Exercise aim:
Below are the records; repeat exactly their lines between the line holding "EVOLO Garderobenschrank, Tür" and the line holding "Daily7 Sweater Crewneck Kangaroo Pocket", inclusive, skipping the pictures.

Exercise inputs:
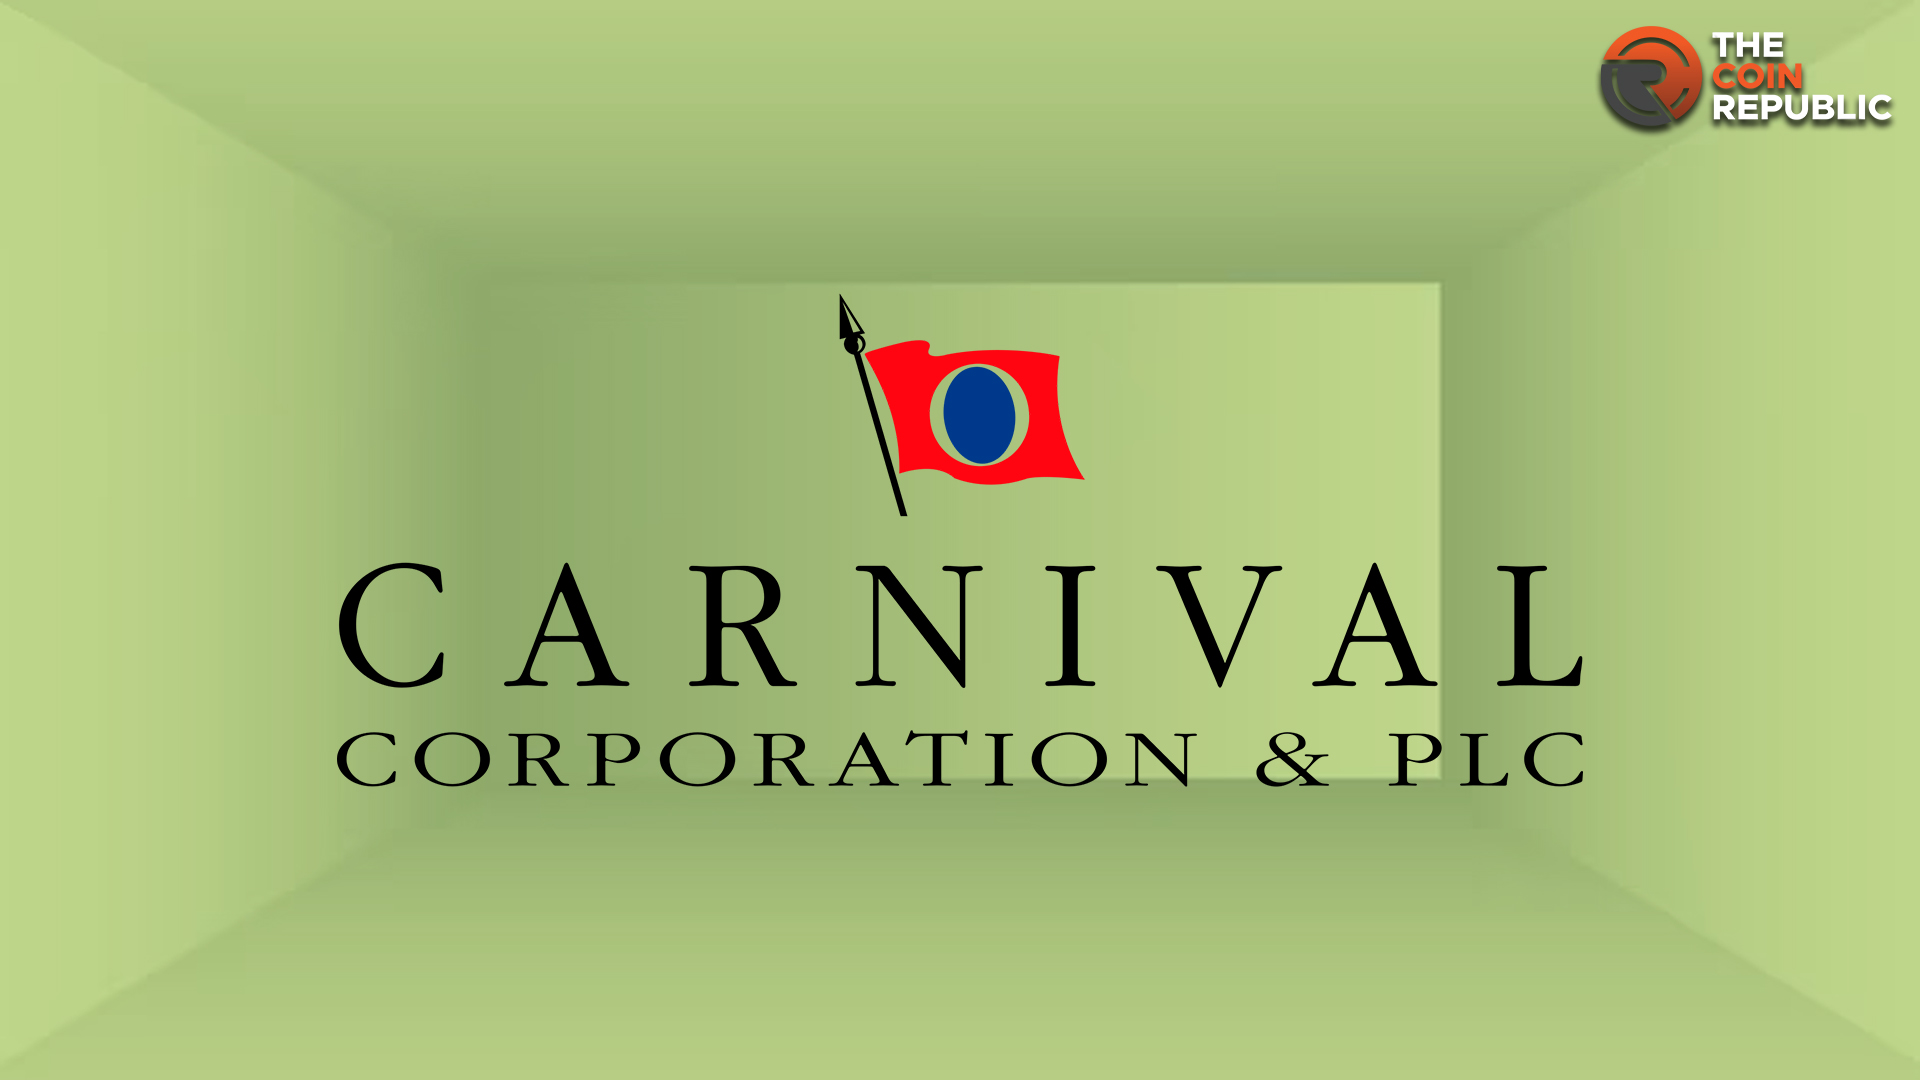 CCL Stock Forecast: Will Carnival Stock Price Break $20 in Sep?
* * *
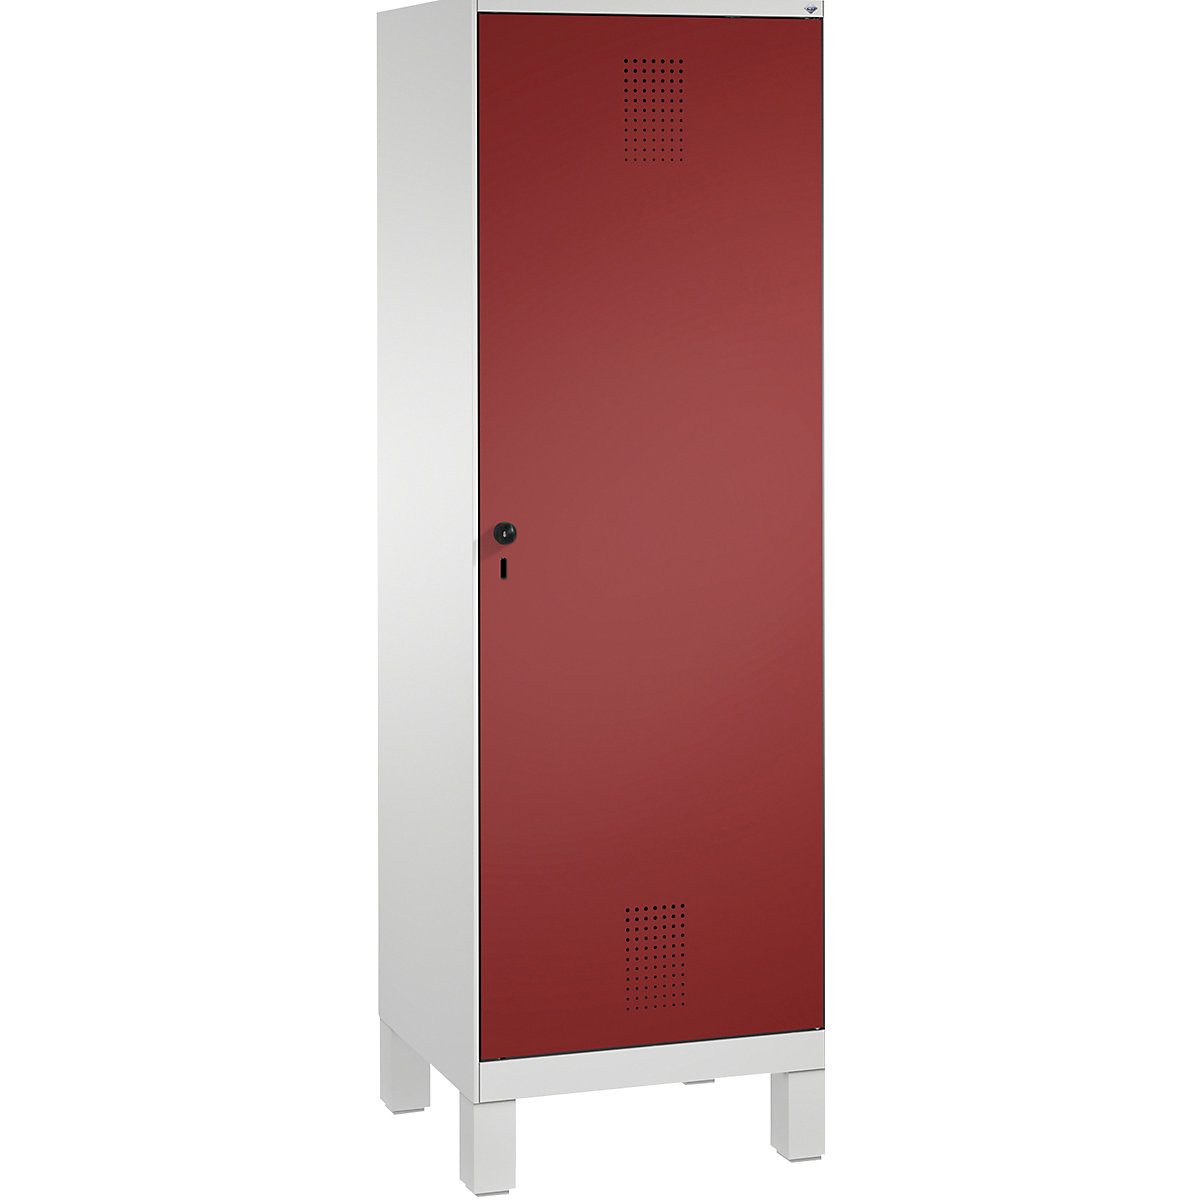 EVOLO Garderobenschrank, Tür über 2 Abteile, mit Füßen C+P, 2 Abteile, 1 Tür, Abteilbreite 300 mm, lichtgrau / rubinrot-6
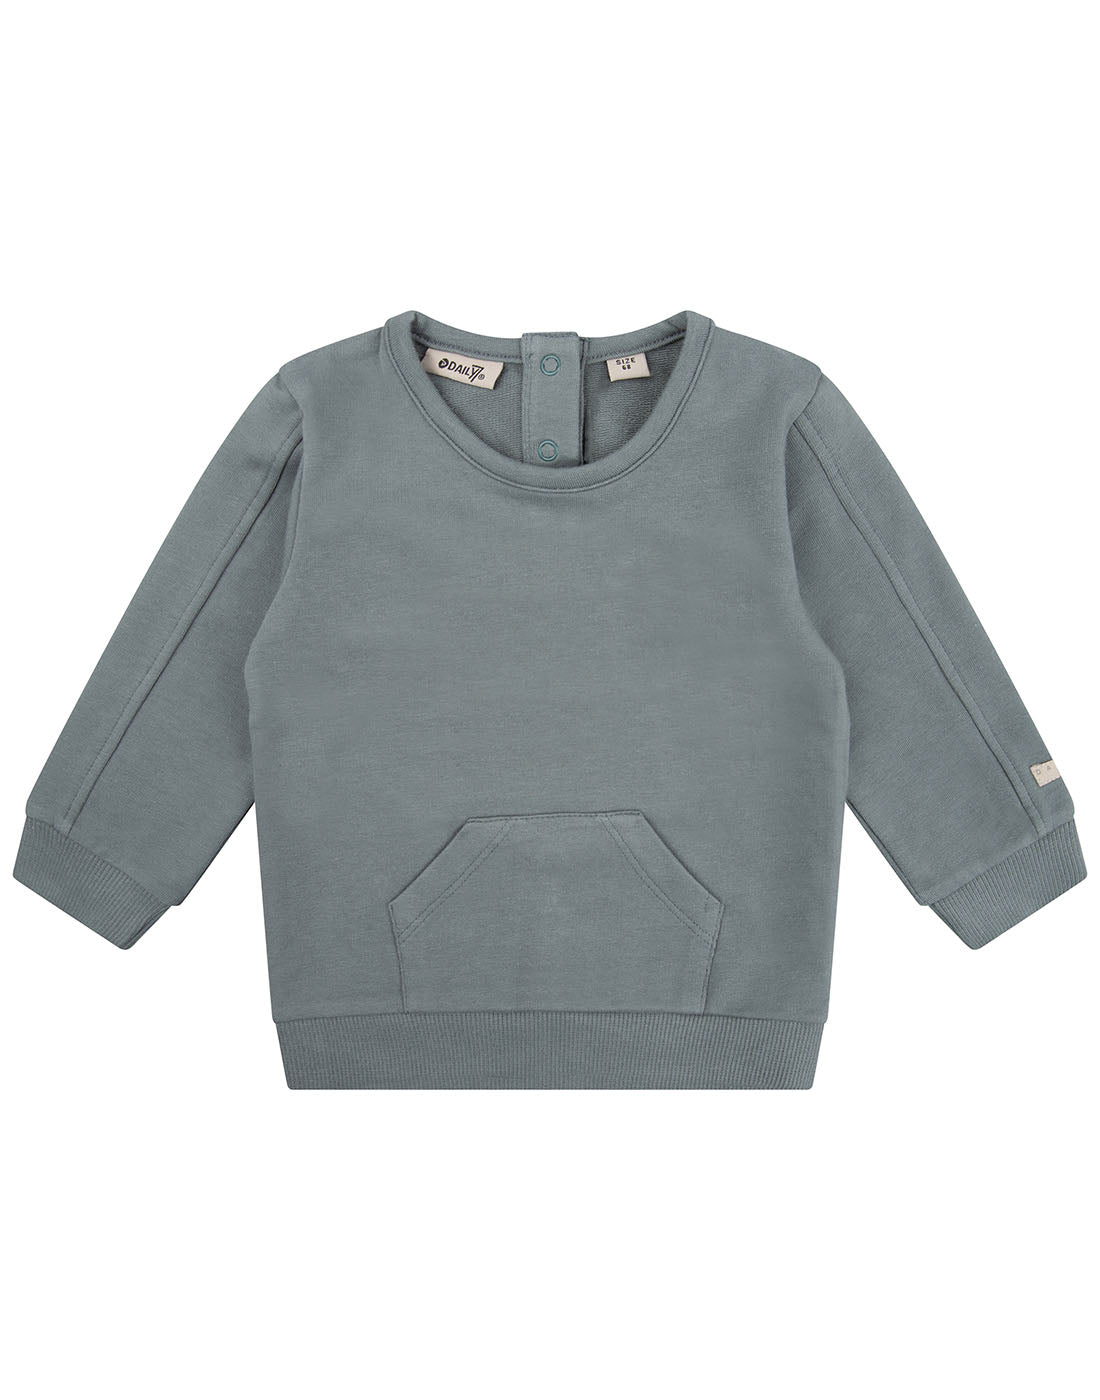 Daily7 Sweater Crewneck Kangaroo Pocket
---
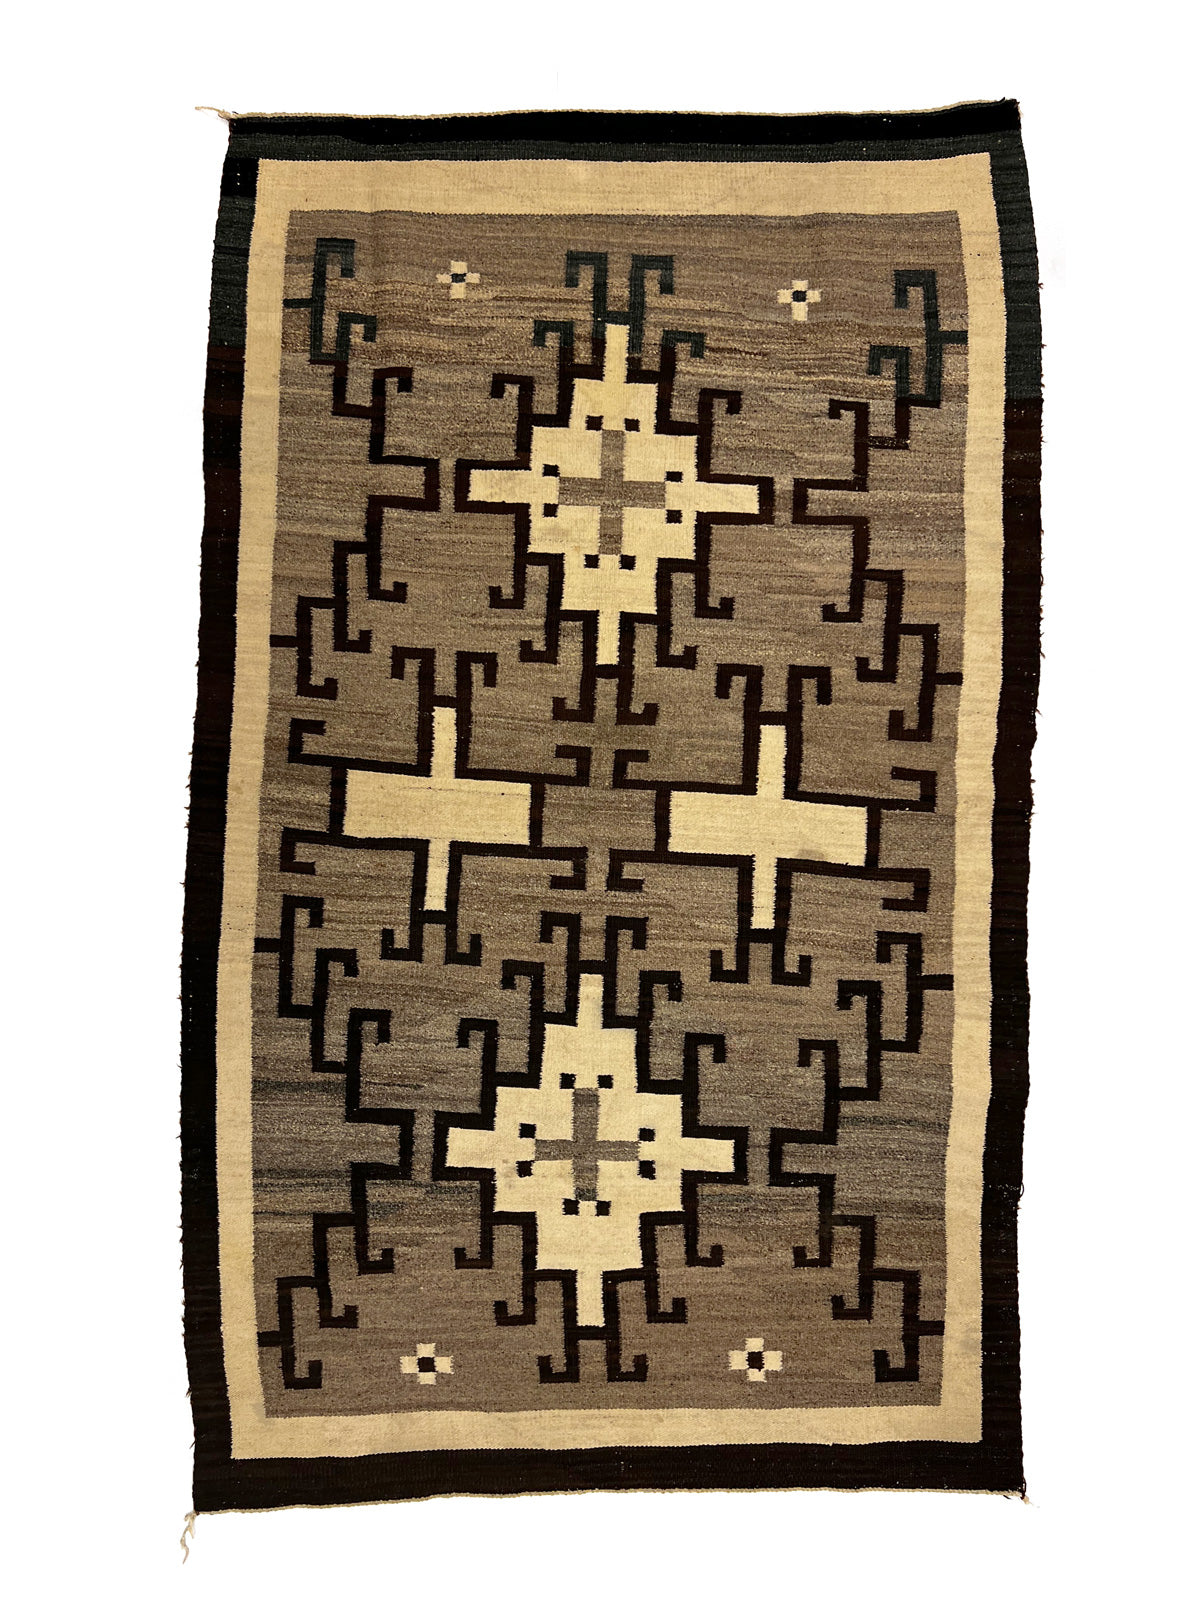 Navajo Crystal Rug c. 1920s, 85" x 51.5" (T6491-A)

Result for this exercise:
 EVOLO Garderobenschrank, Tür über 2 Abteile, mit Füßen C+P, 2 Abteile, 1 Tür, Abteilbreite 300 mm, lichtgrau / rubinrot-6
 Daily7 Sweater Crewneck Kangaroo Pocket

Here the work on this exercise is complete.